Dodgy Fire Door of the Year awarded to mystery care home

Setting the standard

Possibly the worst example of fire door safety in the UK has gained the dubious honour of ‘Dodgy Fire Door of the Year’ from safety campaigner Theodore Firedoor.

The photo of a fire door in an undisclosed care home location exposes the worst type of ‘adaptation’. Part of the door has been neatly cut away in order to fit a stair lift, rendering the fire door completely useless. This fire door would offer no protection for the building users and a fire would spread rapidly.

Like this one, more than 40 photos of dodgy fire doors were submitted to the Theodore Firedoor Facebook page last year. As well as the ‘winning’ monstrosity, two badly damaged fire doors in a hotel and a hospital also stood out in the Top 3 most shocking pictures to be received in 2013. 

The hotel fire door had sustained repeated damage to the door leaf and was missing any intumescent seal. In the event of a fire, intumescent seals expand and seal the allowed gap between the door and frame. This fire door would provide little or no protection to a hotel full of guests.

The hospital fire door had obviously been repeatedly damaged due to the high volume of traffic passing through. It was damaged down to the core; in the event of a fire its effectiveness would be greatly compromised.
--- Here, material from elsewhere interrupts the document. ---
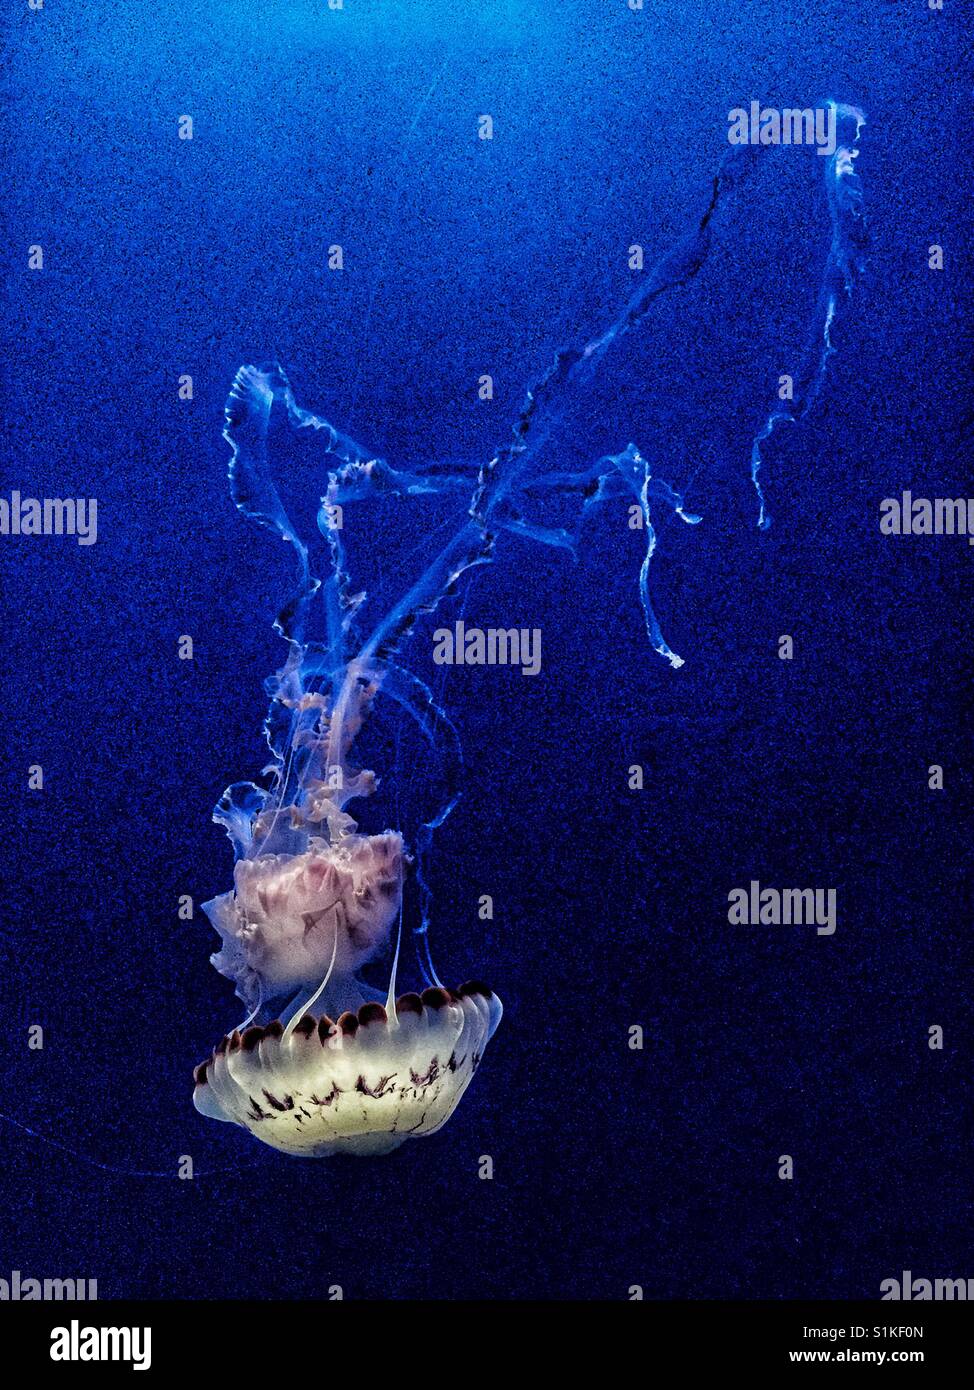 Medusas suaves cuerpos de animales acuáticos paraguas con forma de campana y largos tentáculos final. Medusas fluyendo con largos tentáculos final. Foto de stock

The Theodore Firedoor campaign was launched by the Fire Door Inspection Scheme (FDIS) last April to publicise the widespread problems of ill-fitting, damaged and poorly maintained fire doors.

Theodore Firedoor lives on Facebook, Twitter and YouTube and encourages sharing of dodgy fire door information across these social media channels.  His video of appalling fire door maintenance at a city hospital last summer has already attracted more than 2,000 views.

Neil Ashdown, manager of FDIS, said:

“Of course the consequences of such poor fire door maintenance are much greater than just getting a photo posted onto Facebook.  Theodore Firedoor has made visible an epidemic of dodgy fire doors in all sorts of buildings and across all parts of the UK, and where such safety breaches occur, prosecutions are sure to follow.

“The number of prosecutions we are seeing shows a frightening lack of awareness among building owners about their responsibilities under the Regulatory Reform (Fire Safety) Order, or RRO as it is often known. Dodgy fire doors are usually just one of many signs of fire safety negligence.

“This matches the experience of FDIS Certificated Inspectors who are now providing professional fire door inspection services to a wide range of clients in England. Thankfully FDIS inspectors are much in demand and are helping to transform knowledge and understanding about the critical role of fire doors and how they can save lives and protect property. FDIS Inspectors can carry out on-site inspections of installed fire doors in existing or new buildings. This is an essential part of any fire risk assessment required by law to be done by a building’s Responsible Person.”

Analysis by FDIS of the RRO prosecutions last year suggests that ill-informed or negligent property owners are more likely than ever to receive large fines or even significant prison sentences. Courts are able to hand out unlimited fines and up to two years in jail. 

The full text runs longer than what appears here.